2) The Orthodox theologian Alexander Schmemann once warned that the quickest way to desecrate a landscape was to build a church — since the supposed “holy ground” would instantly imply that everything outside its doors is profane (and sure enough, the word “profane” comes from the Latin for “outside the temple”). Like the prophets before him, Jesus can be understood in this week’s passage as challenging our tendency to domesticate God into a temple or a church or a sacred system. In fact, all of creation shimmers with divine glory. When we go to church, we don’t step into God’s presence; rather, we step into a community that, at its best, helps call our attention to the fact that God is present everywhere, that the body of Jesus and the movement of the Spirit are boundless, and so that the temple’s architecture must extend all the way out — all the way to the expanding edges of the cosmos.

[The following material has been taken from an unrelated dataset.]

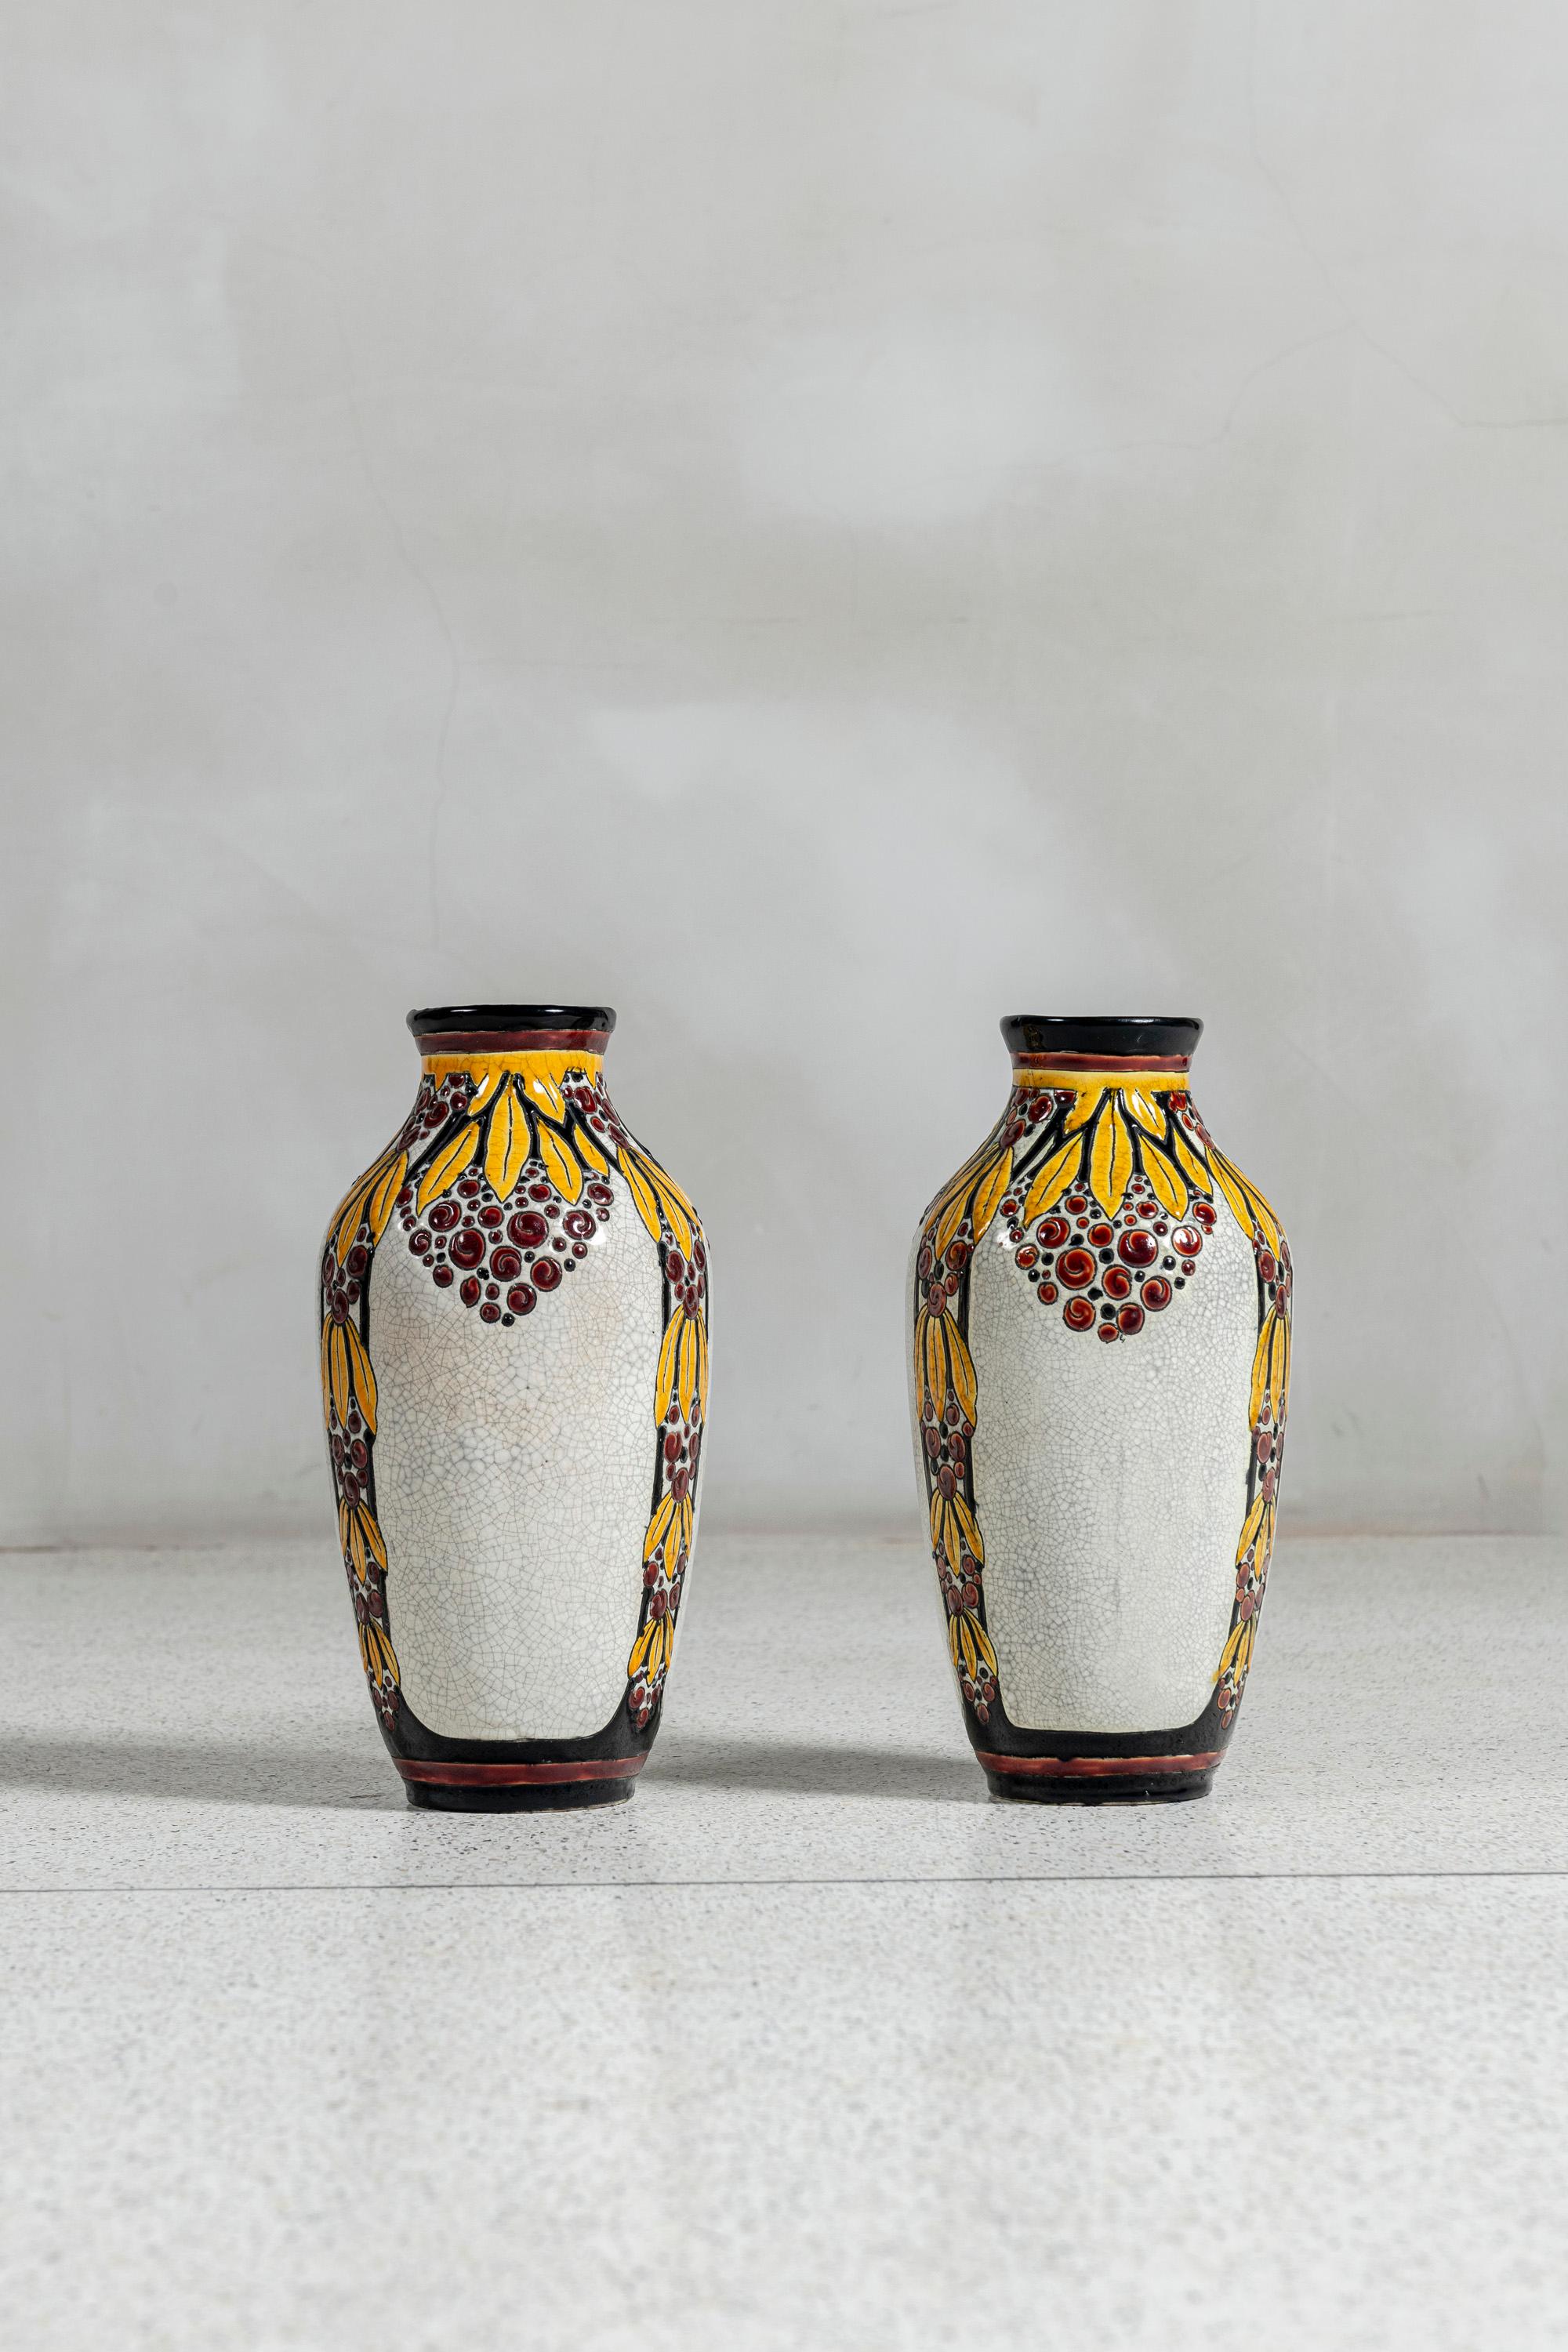 Pair of enamel ceramic flower vases by Charles Catteau signed B.F.K. La Louvière Belgiques by Charles Catteau, Belgium, circa 1920.

3) This basic idea isn’t unique to Jesus; rather, he stands in a lineage we can find in the prophets — and also in Exodus. At Sinai, God could have given the Israelites a temple and a fortress, but instead God gave them a law, a code that would saturate their lives as they wandered in the wilderness, investing virtually every moment with the possibility of holiness and beauty, dignity, and devotion. At its best, a law is a pathway for living, an immersive form of listening to a call. It’s a way of abiding with each other in intimate companionship — doing the right thing, yes, but also living together: “doing justice, loving kindness, and walking humbly with your God” (Micah 6:8). Any barrier to that abundant life, to that joy and gladness — makes Jesus angry. Angry enough to move decisively toward taking that barrier down, once and for all.